Recent studies suggest that both autophagic flux and the magnitude of the autophagy induction in response to classical autophagy inducers may vary in different types of neurons. In primary cortical neurons (Boland et al., 2008), LC3 and AVs accumulate when lysosomal proteolysis is inhibited but this accumulation is dramatically increased when autophagy is also induced by rapamycin or starvation. By contrast, primary striatal neurons exhibit a significant level of constitutive autophagic flux but little additional response to rapamycin (Tsvetkov et al., 2010; Tsvetkov et al., 2009). Based on these observations, Tsvetkov et al. have suggested that neurons may be poorly responsive to rapamycin and related conventional autophagy inducers (Tsvetkov et al., 2010). Other investigators, however, have shown that neurons form autophagosomes and, more importantly, accelerate autophagic flux (Rubinsztein and Nixon, 2010) after rapamycin (Alirezaei et al., 2008; Boland et al., 2008; Crews et al., 2010; Rose et al., 2010) and starvation (Du et al., 2009). At least a partial explanation for the different conclusions may lie in observations that the clearance of LC3-positive autophagosomes in cortical neurons is very efficient even after strong induction (Boland et al., 2008).
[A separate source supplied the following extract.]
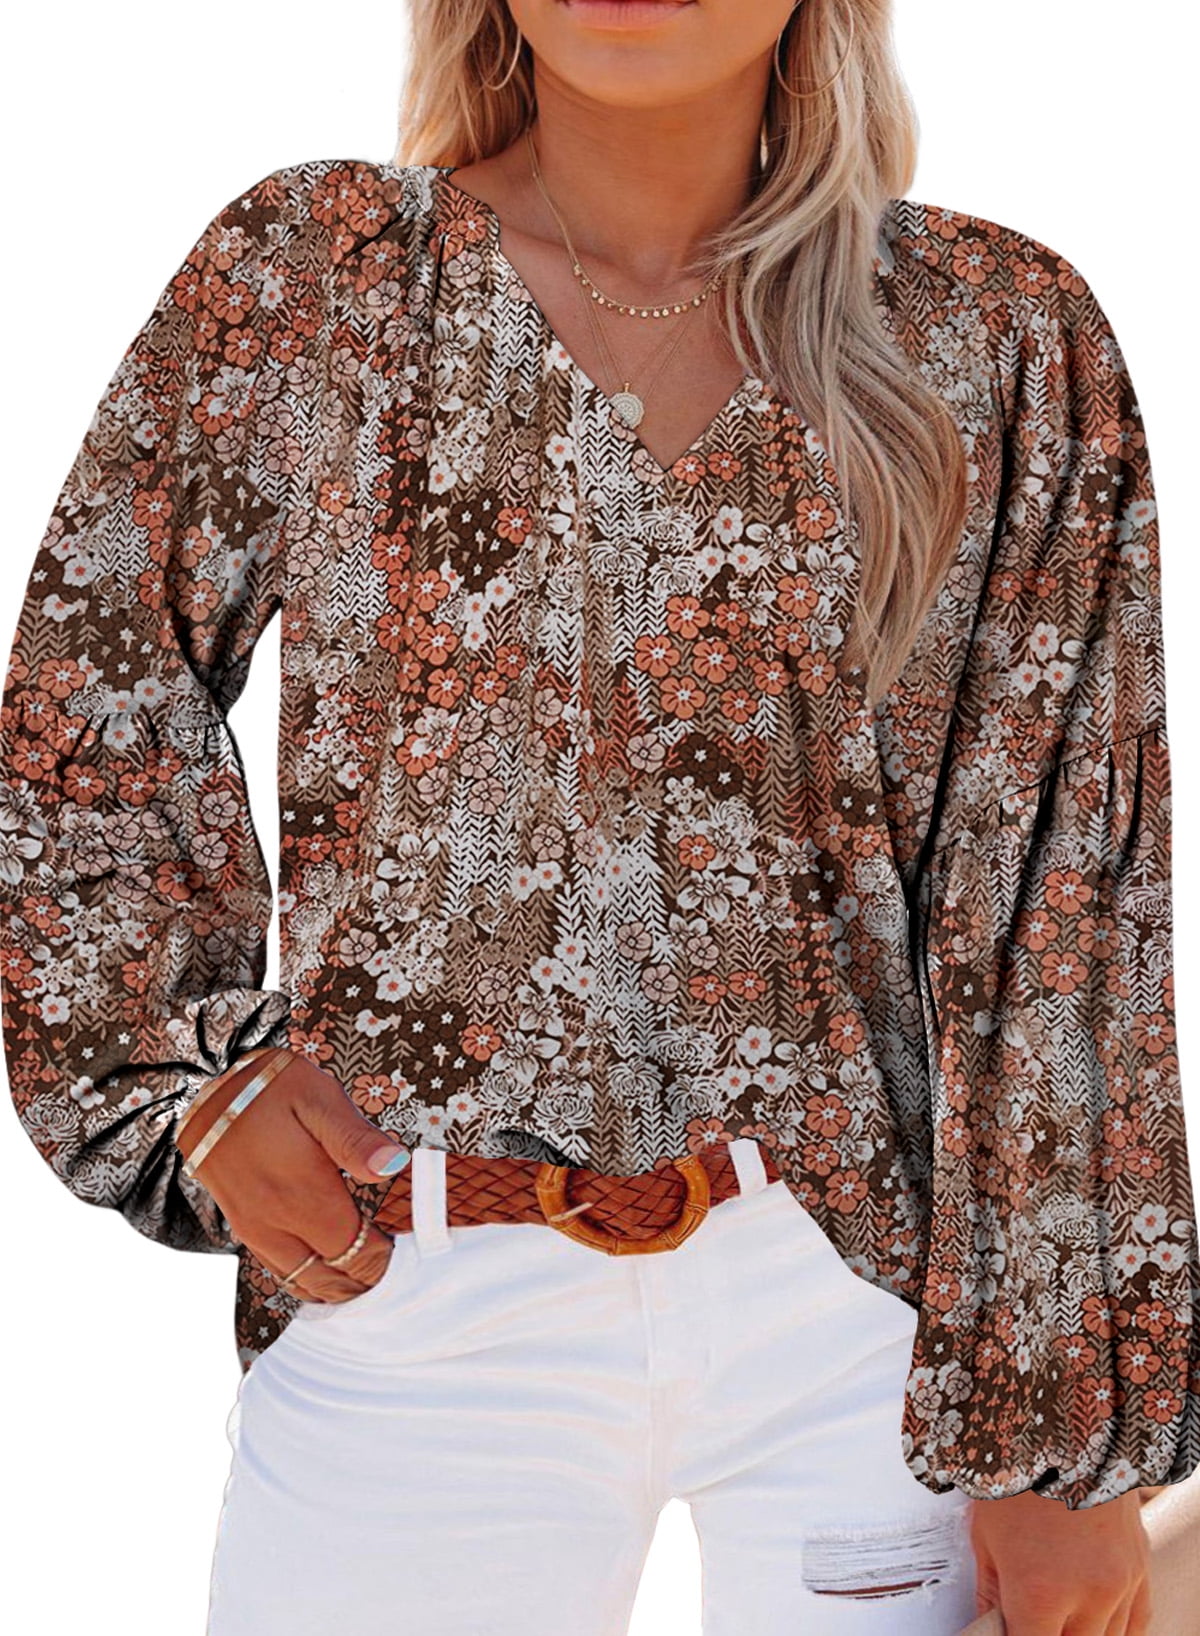 Dropship Women's Casual Boho Floral Print V Neck Long Sleeve Loose Blouses  Shirts Tops to Sell Online at a Lower Price
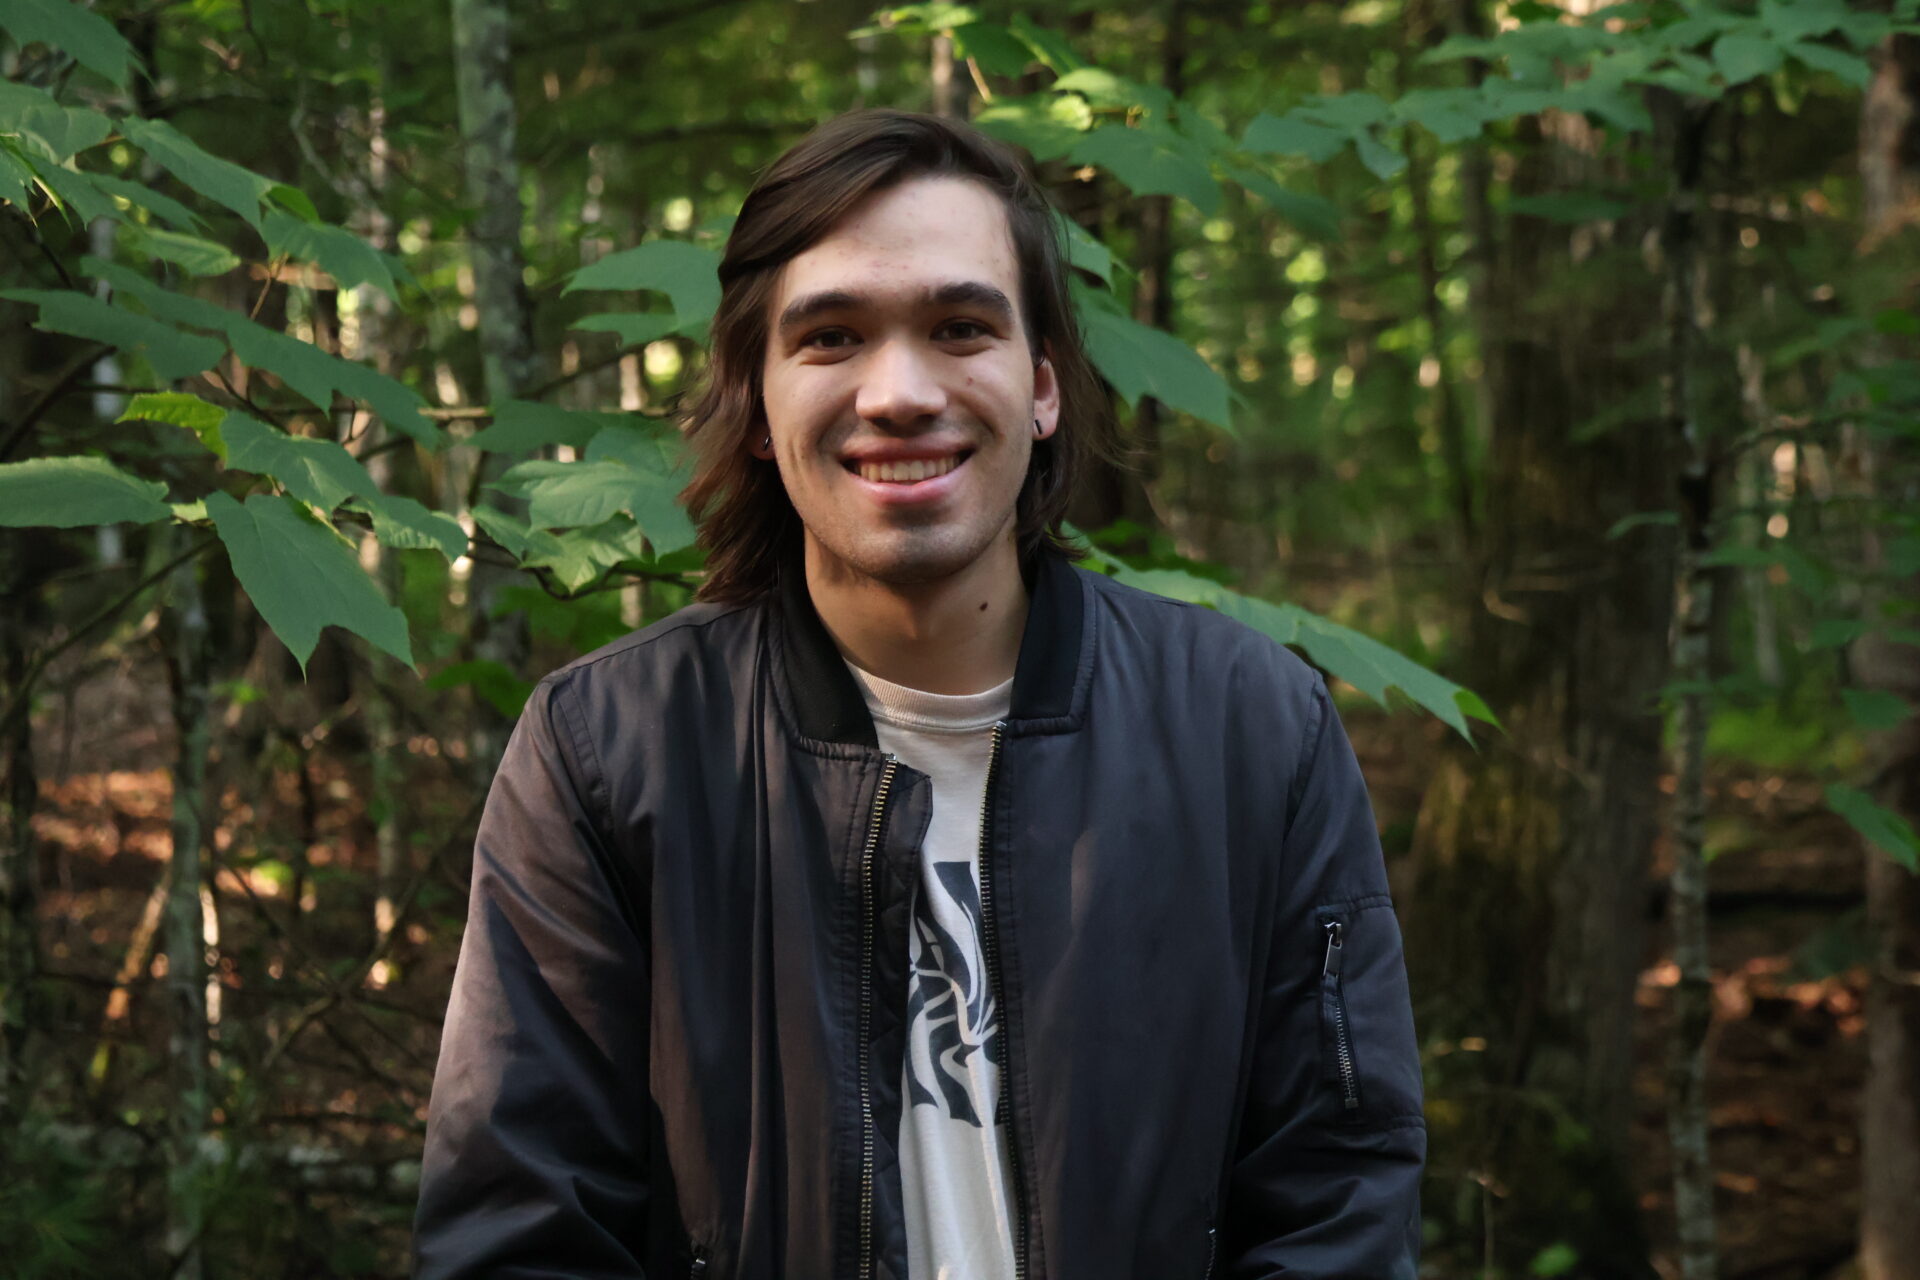 A young male smiling with a tree behind him, with long dark hair and a leather jacket on.

Neurons exposed to rapamycin or starvation alone accumulate mainly late AVs (i.e., autolysosomes) containing extensively digested substrates and therefore exhibit only modest elevations of LC3. However, when autophagic flux is measured in the presence of the cathepsin inhibitor leupeptin, LC3 compartments accumulate robustly, showing that induction of autophagy is, indeed, quite robust (Boland et al., 2008). It is likely, however, that autophagy is regulated differently in neuronal subtypes, glial cells and non-neuronal cells and future analyses of this issue, which require assessments of autophagy with and without lysosomal inhibitors, will be instructive to elucidate canonical and non-canonical autophagy pathways and their relative activities.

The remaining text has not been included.